Description of the task:
Span requested from the data below: the line with "Dr. Eckstein Beautipharm" through the line with "toucan between plants in the jungle", both included. Give only these lines again, exactly, and leave every picture out.

Recorded information:
#####

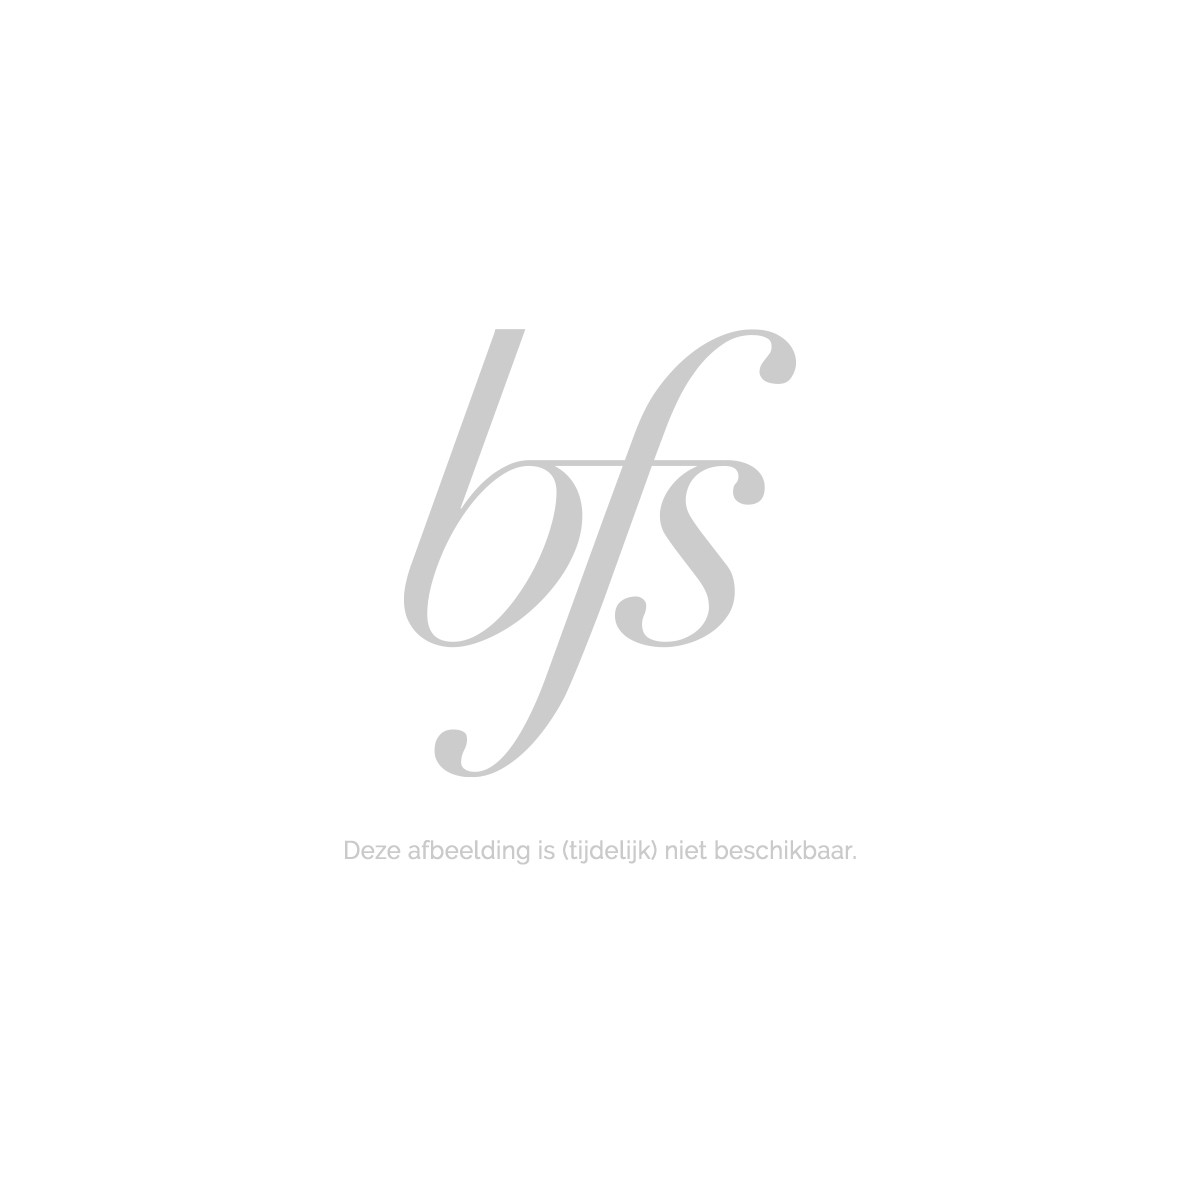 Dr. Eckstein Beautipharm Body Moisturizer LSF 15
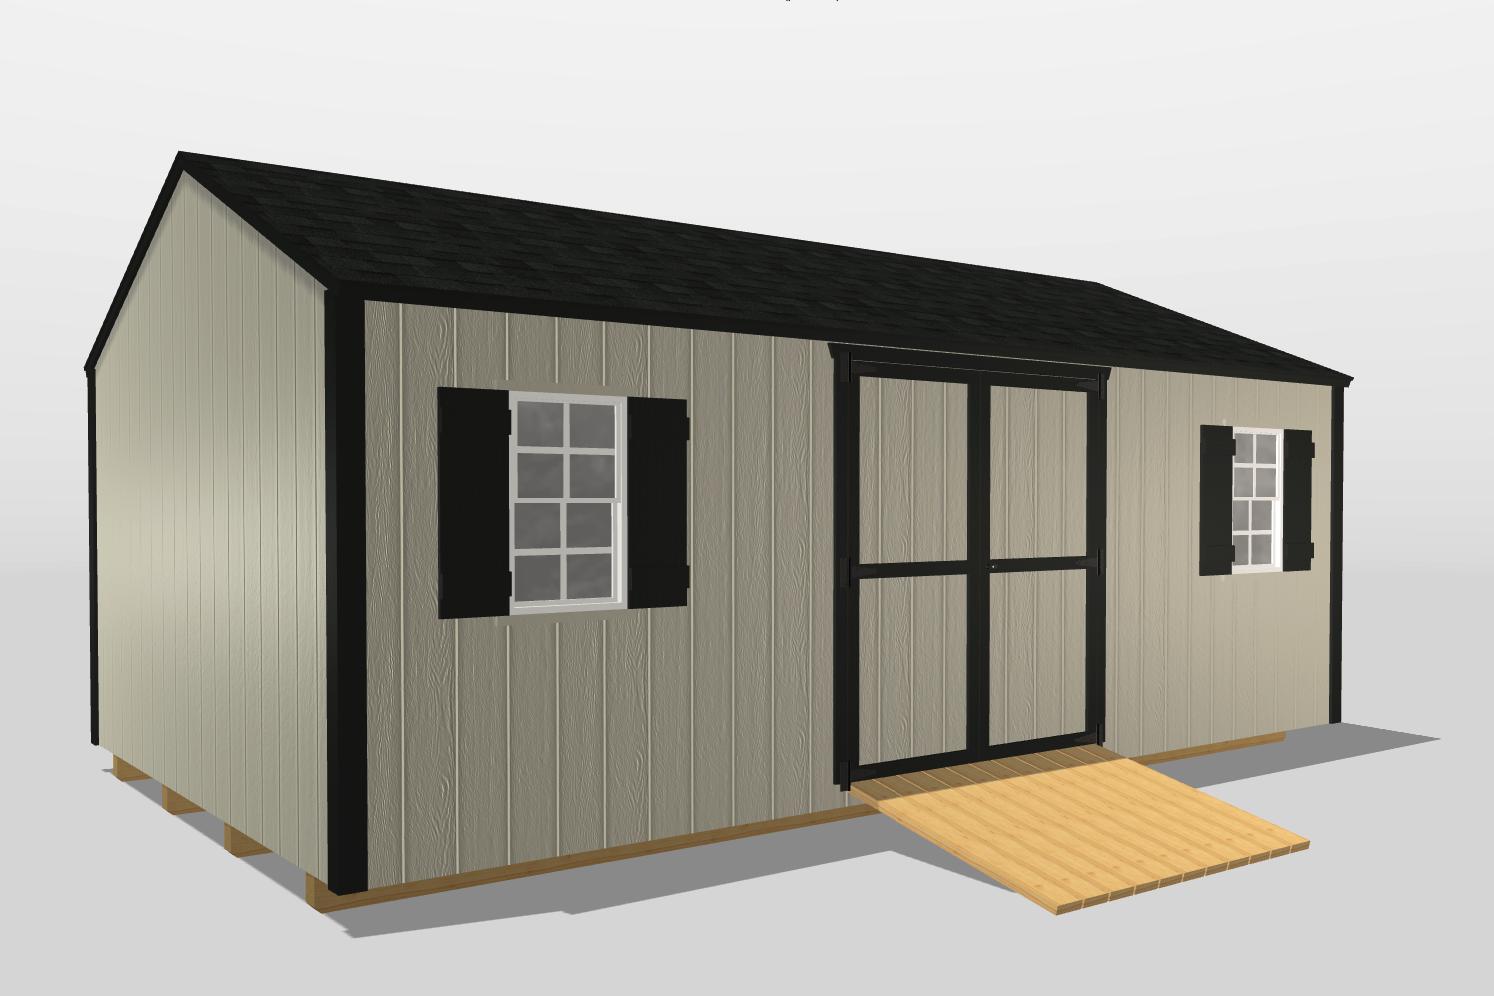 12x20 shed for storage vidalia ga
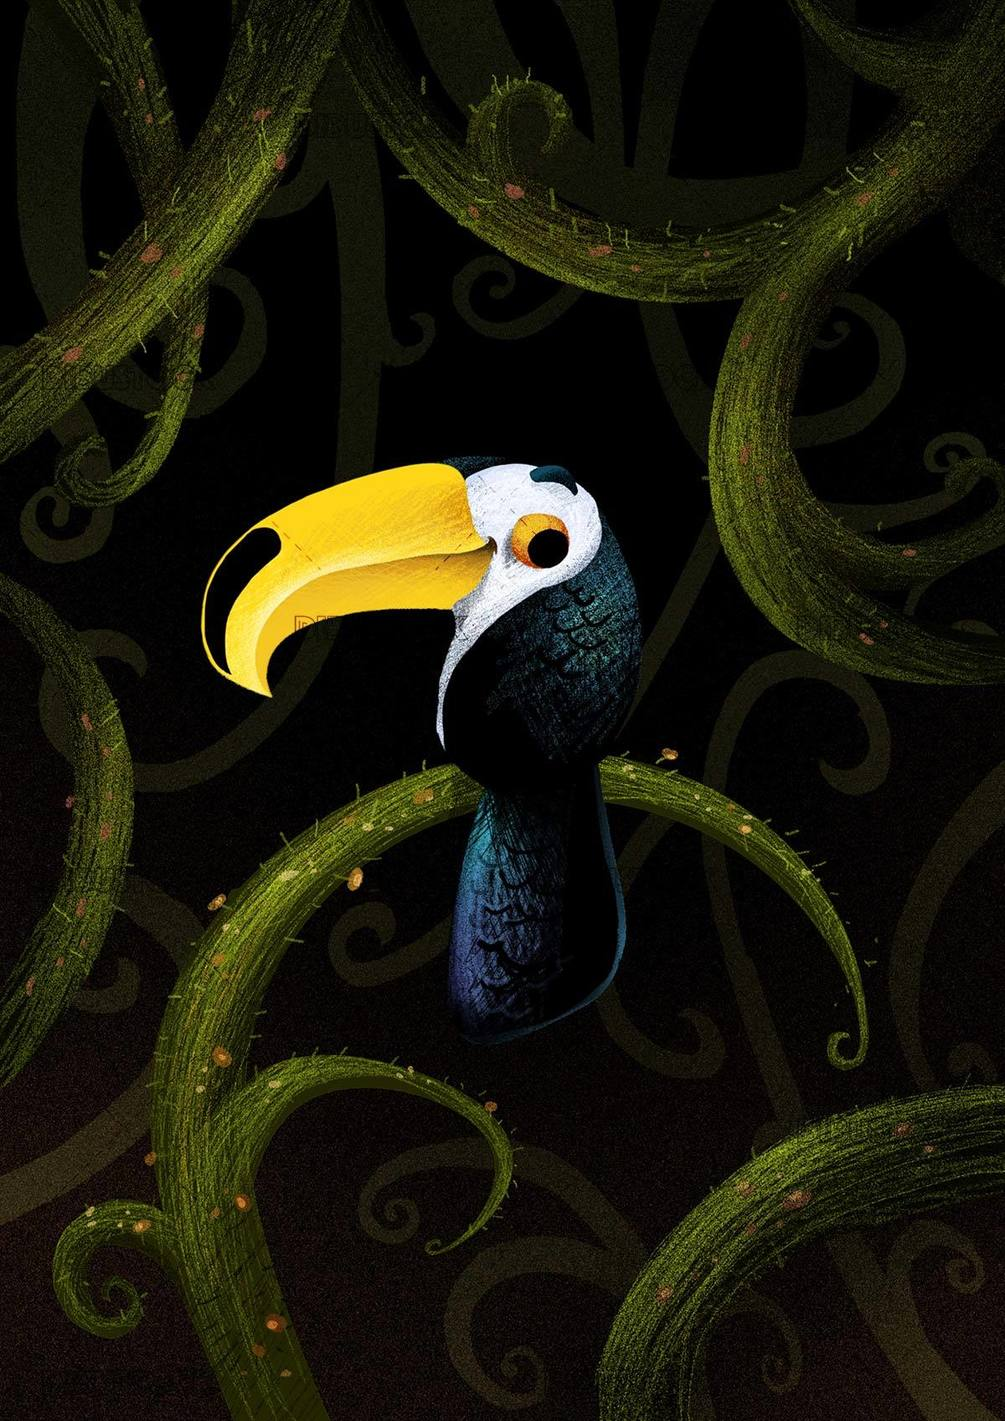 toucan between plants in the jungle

#####

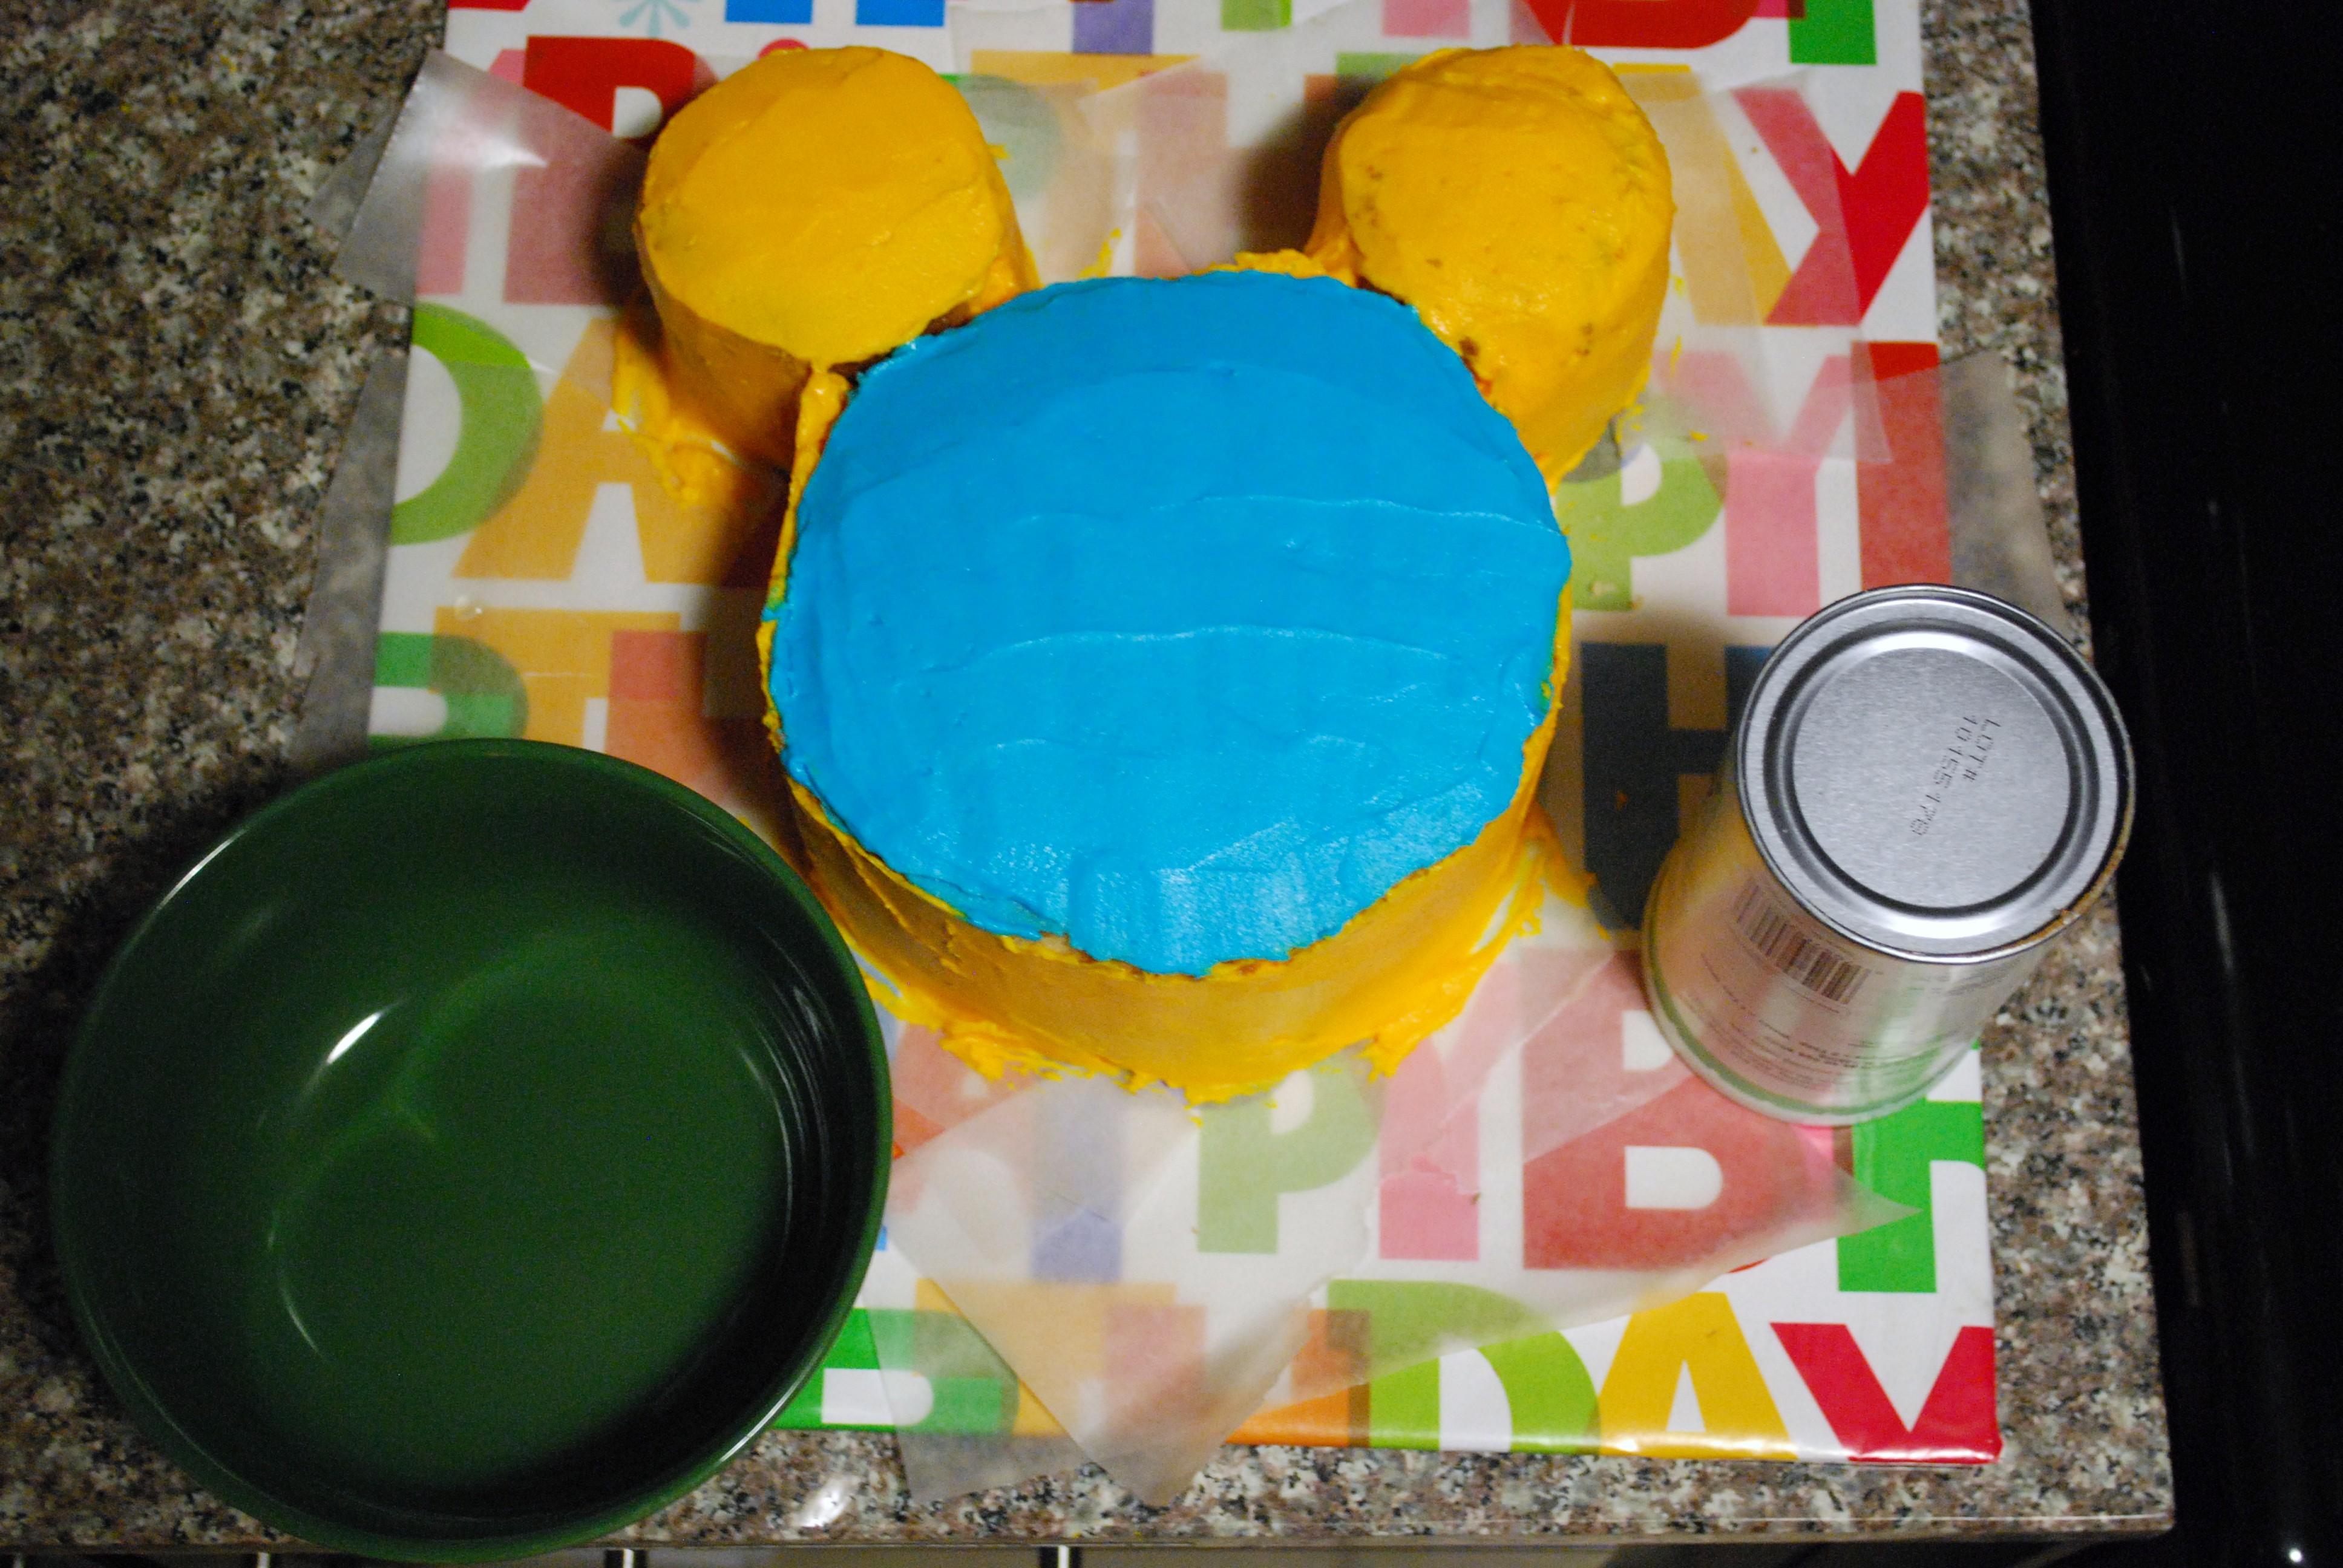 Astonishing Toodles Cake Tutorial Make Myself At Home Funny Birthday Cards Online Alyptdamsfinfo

#####

Task result:
 Dr. Eckstein Beautipharm Body Moisturizer LSF 15
 12x20 shed for storage vidalia ga
 toucan between plants in the jungle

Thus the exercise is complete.